O secretário de Estado americano, Antony Blinken, viajou à Jordânia para abordar a nova situação do país, devastado e dividido após 13 anos de guerra.

Blinken pediu uma "transição inclusiva" para um "governo responsável e representativo". Alertou, ainda, que poderão surgir "novos conflitos" no país, em alusão às atividades militares turcas e israelenses no território.

Israel afirmou ter lançado nos últimos dias centenas de bombardeios na Síria contra alvos militares estratégicos para evitar que "elementos terroristas" se apoderassem deles.

Blinken assegurou que Israel não quer que as tropas sírias caiam em "mãos erradas", mas indicou que Washington está dialogando "com Israel" e com "outros" sobre "qual caminho seguir".

Além disso, nos últimos dias, insurgentes apoiados pela Turquia travaram combates com as forças pró-curdas no norte da Síria, onde as Forças Democráticas Sírias (FDS), dominadas por curdos e apoiadas pelos Estados Unidos, controlam amplas regiões. Na quarta-feira, com mediação dos Estados Unidos, ambas as partes chegaram a um acordo de cessar-fogo.

Blinken lembrou, nesta quinta-feira, que as FDS são "essenciais" para evitar que o grupo jihadista Estado Islâmico (EI) ressurja na Síria.

O chefe dos serviços de inteligência turcos, Ibrahim Kalin, viajou nesta quinta-feira a Damasco, segundo imagens divulgadas por meios de comunicação turcos.

"Reconstruir"
Para acalmar os temores da comunidade internacional, o primeiro-ministro sírio, Mohamad al-Bashir, nomeado até 1º de março, quis se mostrar tranquilizador.

"Garantiremos os direitos de toda a população e de todas as confissões na Síria", prometeu em entrevista ao jornal italiano Corriere della Sera, publicada na quarta-feira.

Bashir também pediu aos milhões de sírios no exílio que retornem para "reconstruir" o país, de maioria árabe sunita, mas onde convivem diversas comunidades étnicas e religiosas.

O HTS garante que rompeu com o jihadismo, mas continua na lista de organizações "terroristas" de vários países ocidentais, incluindo os Estados Unidos.

Cerca de seis milhões de sírios, ou seja, um quarto da população, fugiram do país desde 2011, quando a repressão às manifestações pró-democracia desencadeou uma guerra que já deixou mais de 500.000 mortos.

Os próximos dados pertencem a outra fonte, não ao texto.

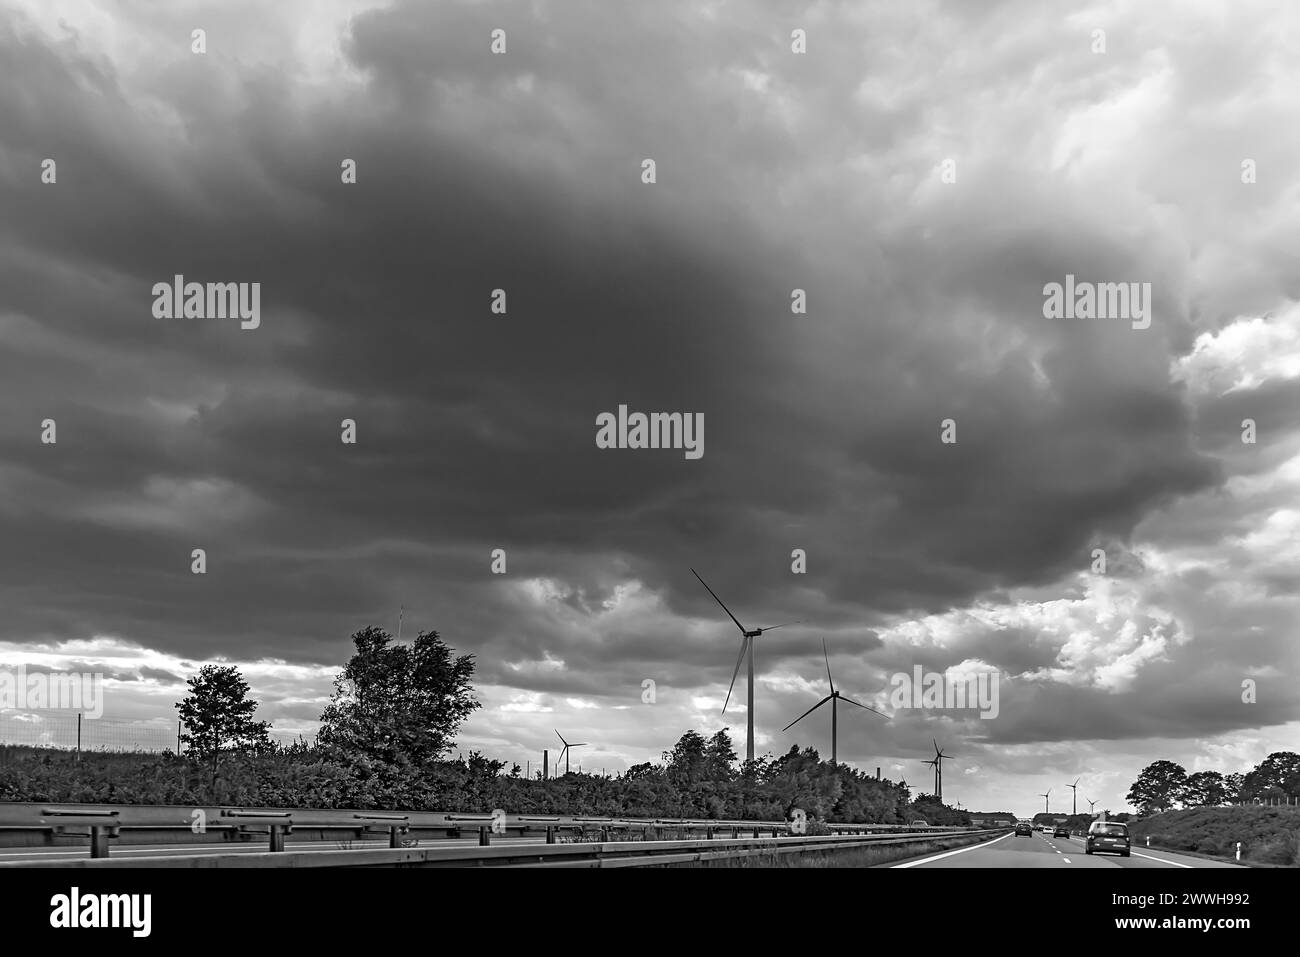 Éoliennes sur l'autoroute A 9, ciel nuageux, Thuringe, Allemagne Banque D'Images

Cerca de 200 pessoas se reuniram nesta quinta-feira no posto fronteiriço turco de Cilvegözü, a cerca de 50 km de Aleppo, para entrar na Síria, segundo um policial contatado pela AFP.

Após a queda do clã Assad, que governou com mão de ferro por mais de meio século, os habitantes de Damasco não escondem sua felicidade.

"Vendo as pessoas nas ruas, temos a impressão de que estávamos todos presos sob a terra e agora saímos para a luz do dia", diz Razan al-Halabi, de 38 anos.

Desde 2011, mais de 100.000 pessoas morreram em prisões sírias, estimou em 2022 o Observatório Sírio de Direitos Humanos (OSDH).

"Barbárie inimaginável"
O enviado da ONU na Síria, Geir Pedersen, pediu, nesta quinta-feira, a libertação imediata das "incontáveis" pessoas ainda detidas arbitrariamente e denunciou a "barbárie inimaginável" que os sírios sofreram nos últimos anos.

As novas autoridades anunciaram que o cidadão americano Travis Timmerman havia sido libertado e se disseram dispostas "a cooperar" com Washington para encontrar outros americanos desaparecidos, incluindo o jornalista Austin Tice, sequestrado em 2012 durante uma operação do exército na periferia de Damasco.

A administração autônoma curda anunciou, nesta quinta, que adotará a bandeira com as três estrelas vermelhas usada pelos rebeldes, "um símbolo de uma nova etapa, que expressa as aspirações do povo sírio à liberdade, dignidade e unidade nacional".